The obvious stylistic influence and overall effect of the chamber was decidedly Islamic, akin in some ways to an anteroom in a huge and magnificent mosque. This had been Semple McPherson’s original intention when she had conceived the chamber and all of the other rooms in her extensive domain. She had been striving for an obvious counterbalance to her sibling’s overbearing, open-air Christianity. Where mosques, however, were places of cool holiness, the smoky red light and the abstract, vaguely flamelike mosaics, in black, scarlet, and gold, that adorned the walls and snaked up all the way to the apex of the dome whispered of damnation and punishment. The ever-burn chromium spheres floating in the convex space, moving about their randomly combustible sphere business, hinted at a cruel surrealism. The runic inscriptions and cabalistic symbols etched in gold on the black marble of the floor provided a louder literary confirmation that this was a place where sweetness and mercy had been banished, right along with faith, hope, and charity. If Semple’s creation was a mosque, it was seemingly a mosque in Hell where, rather than prayer and devotion and the worship of Allah, the primary focus was the practice of torture and subjugation. If any further amplification was needed, the way the central beam of light fell directly on a chained and kneeling winged figure crouched on the marble floor said it all.

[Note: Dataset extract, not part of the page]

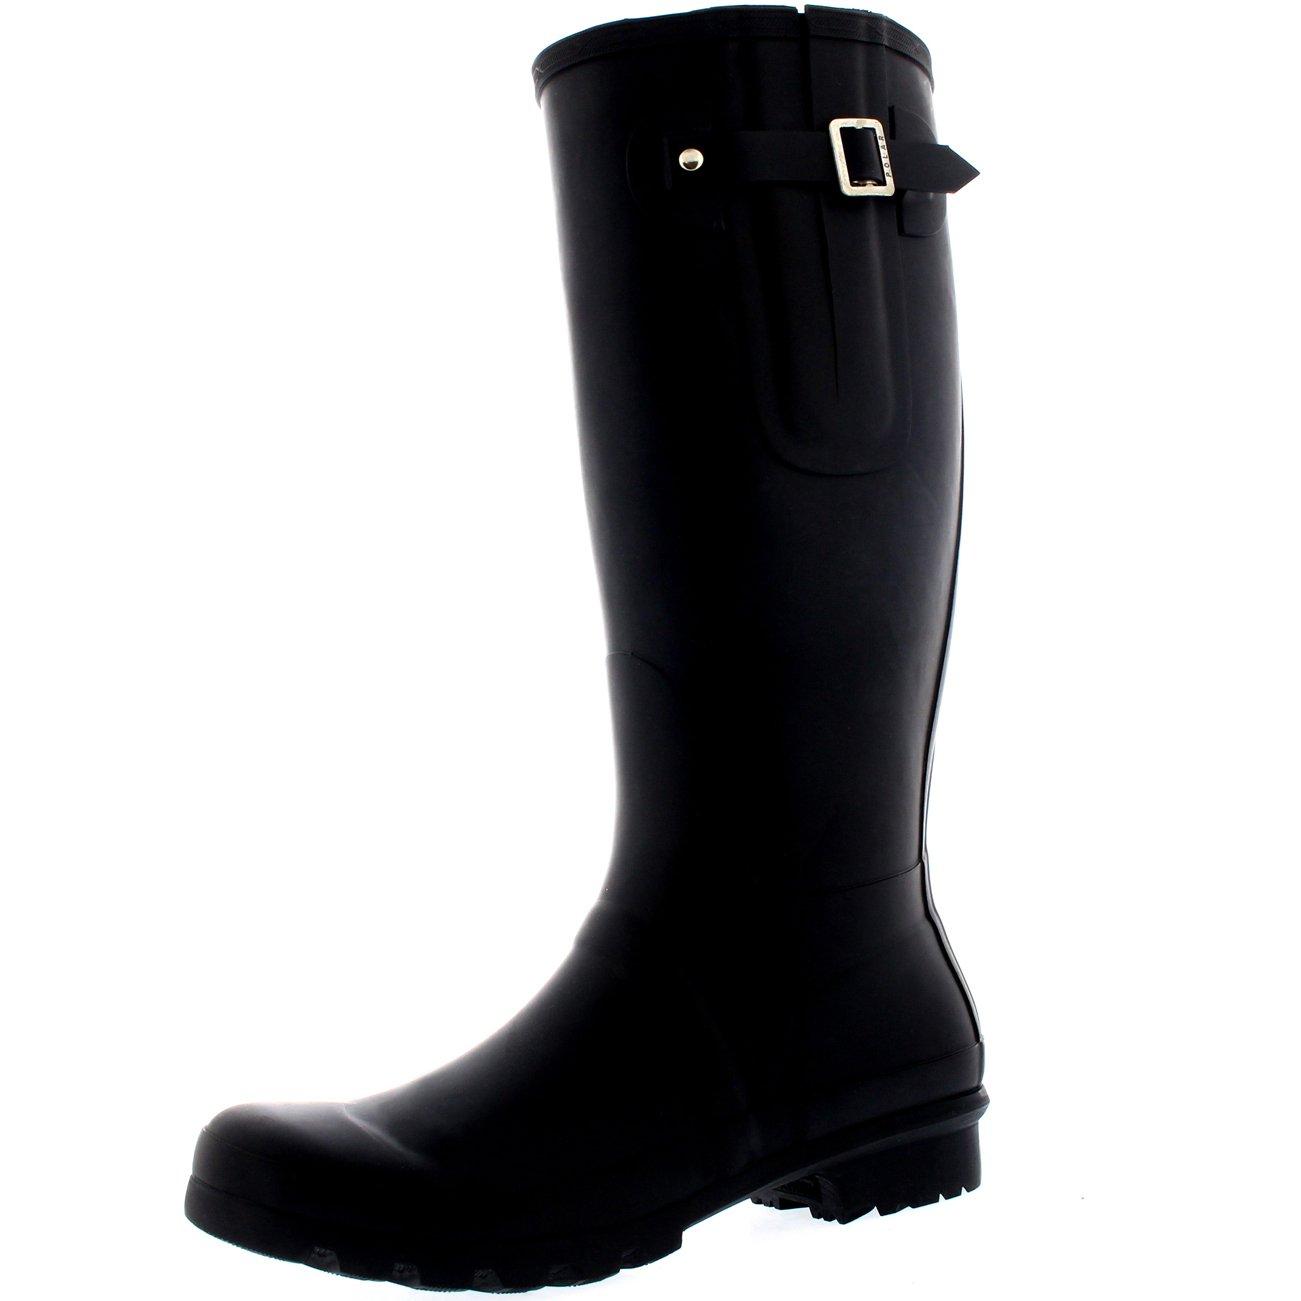 Polar Mens Tall Adjustable Side Waterproof Rubber Wellie Wellington Rain Boots - Black - US13/EU46 - BL0236

That the light came from above tended to suggest that, somewhere beyond the dome, a larger world existed, perhaps even some semblance of a sun and a sky. In fact, that was not the case. Semple had never bothered to devise any greater reality to give context to the invented Hell in which she dwelled, amused herself, and whiled away a perfectly satisfactory Afterlife. Semple disliked the outdoors. Such niceties like earth and sky were the province of her sibling. If Aimee had her way, all of everywhere would be reconfigured in the image of her narrow, conservative, and boringly orthodox concept of a pastoral Heaven.
As with much in the Afterlife, the relationship between the opposing kingdoms of the two sisters was complicated. To think that Aimee’s Maxfield Parrish Paradise was somewhere above, and that Semple’s Arabian Hell was somehow below, was convenient but sadly nonsensical. Such relativities were merely handed on from the mortal coil, handy luggage from the earthly life. They had no factual basis in postmortem complexity.